Wall Street’s fading oil and gas interest revealed in new shale IPO

Michael Tobin and Sergio Chapa March 18, 2021
Shale economics are proving to be a tough sell in equity markets.
Shale economics are proving to be a tough sell in equity markets.

(Bloomberg) --If the first initial public offering of a U.S. shale driller in four years is any indication, Wall Street is still souring on the U.S. oil and gas patch.

Even a natural gas explorer backed by private-equity giant Blackstone Group Inc. couldn’t raise the capital it had expected. Vine Energy Inc. sold 21.5 million shares for a total of $301 million, according to a filing with the U.S. Securities and Exchange Commission on Wednesday. It had planned to raise as much as $361 million.

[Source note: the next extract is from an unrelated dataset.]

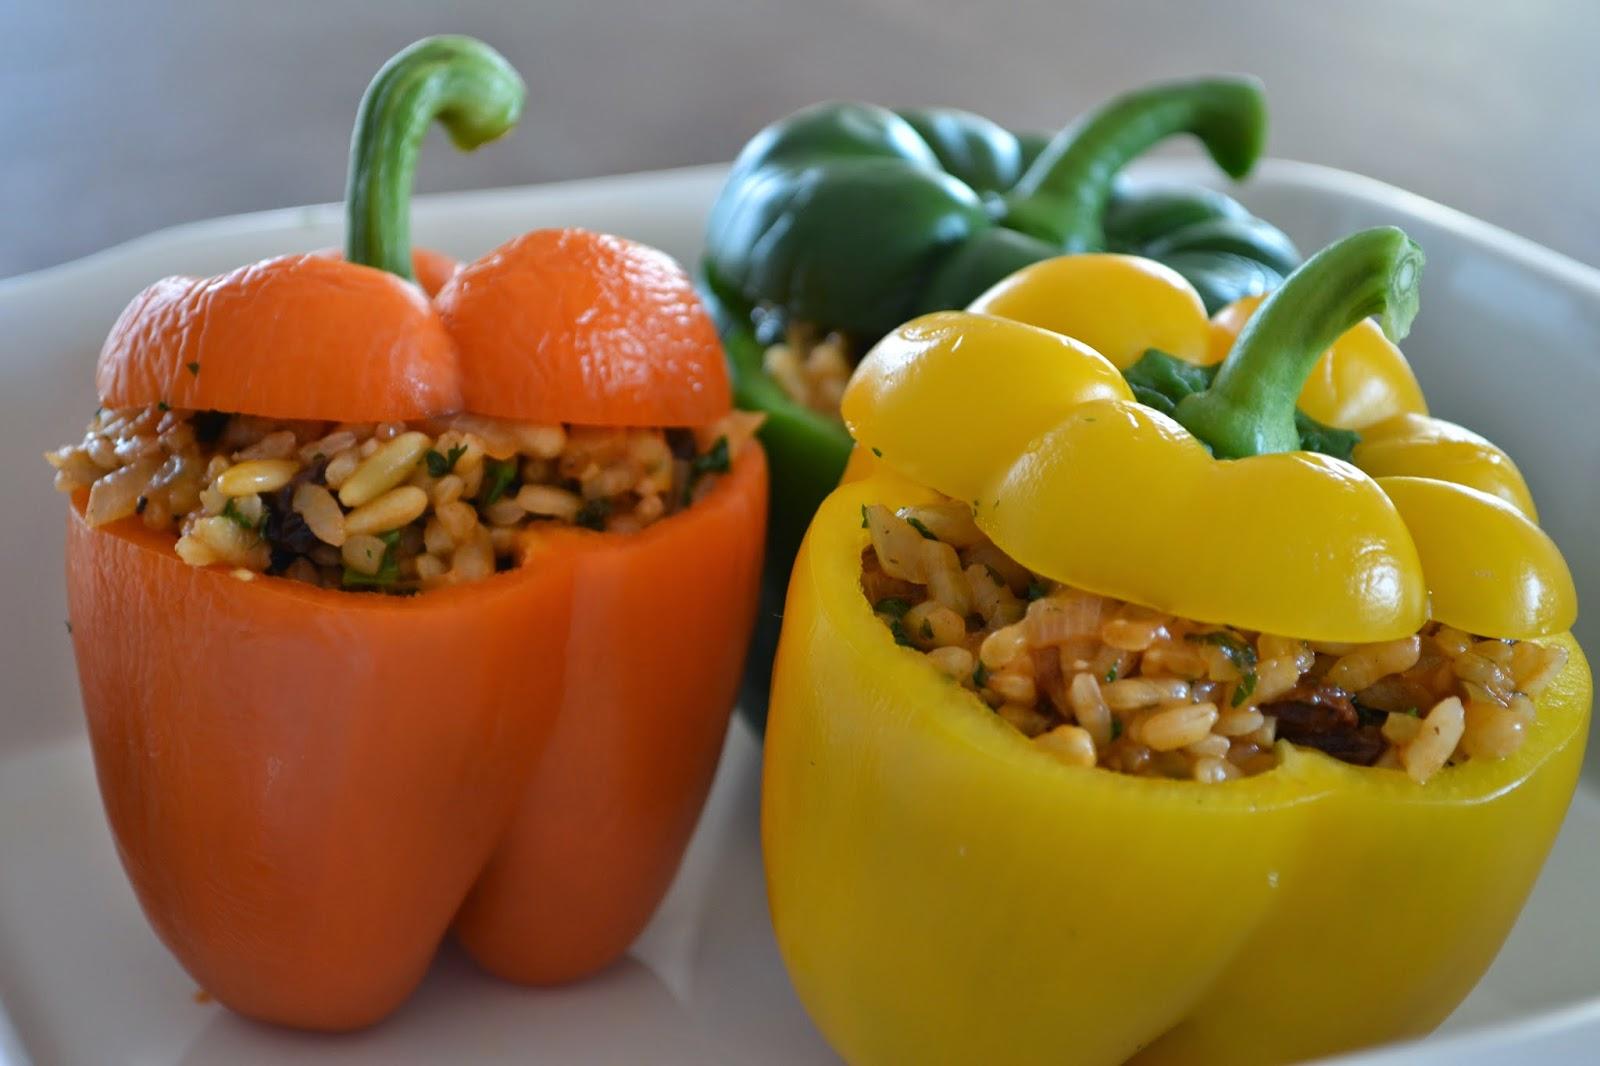 gevulde paprika vegetarisch rijst

The IPO miss underscores how much investor appetite for the cash-intensive shale industry has waned after years of poor returns and a pandemic-driven market crash in 2020. While oil and natural gas prices have rebounded since last year, Wall Street has little interest in seeing a shale boom once again. The chiefs of America’s shale giants have been exercising caution and preaching self-control in calls with analysts over the past several weeks.

“Vine being able to complete the IPO, that in itself is a victory,” said Ed Hirs, an economics professor and energy industry expert with the University of Houston. “The U.S. shale plays have not had any returns over the past 10 years. Vine was swimming upstream.”

Vine has certainly had better luck than several shale explorers that went bankrupt or have been completely shut out of equity markets, while banks cut their credit lines.

But to get the deal done, Vine had to take a lower price than sought, while Blackstone and its affiliates stepped in with a $60 million purchase.

The planned price range was $16 to $19 apiece, but the shares went for $14. So, Vine also sold a bit more than the 19 million shares it had intended to offer to partly offset that.

The Plano, Texas-based driller focused on the natural gas-rich Haynesville formation of northern Louisiana said it plans to use part of its roughly $281 million of net proceeds to pay down debt, according to the filing.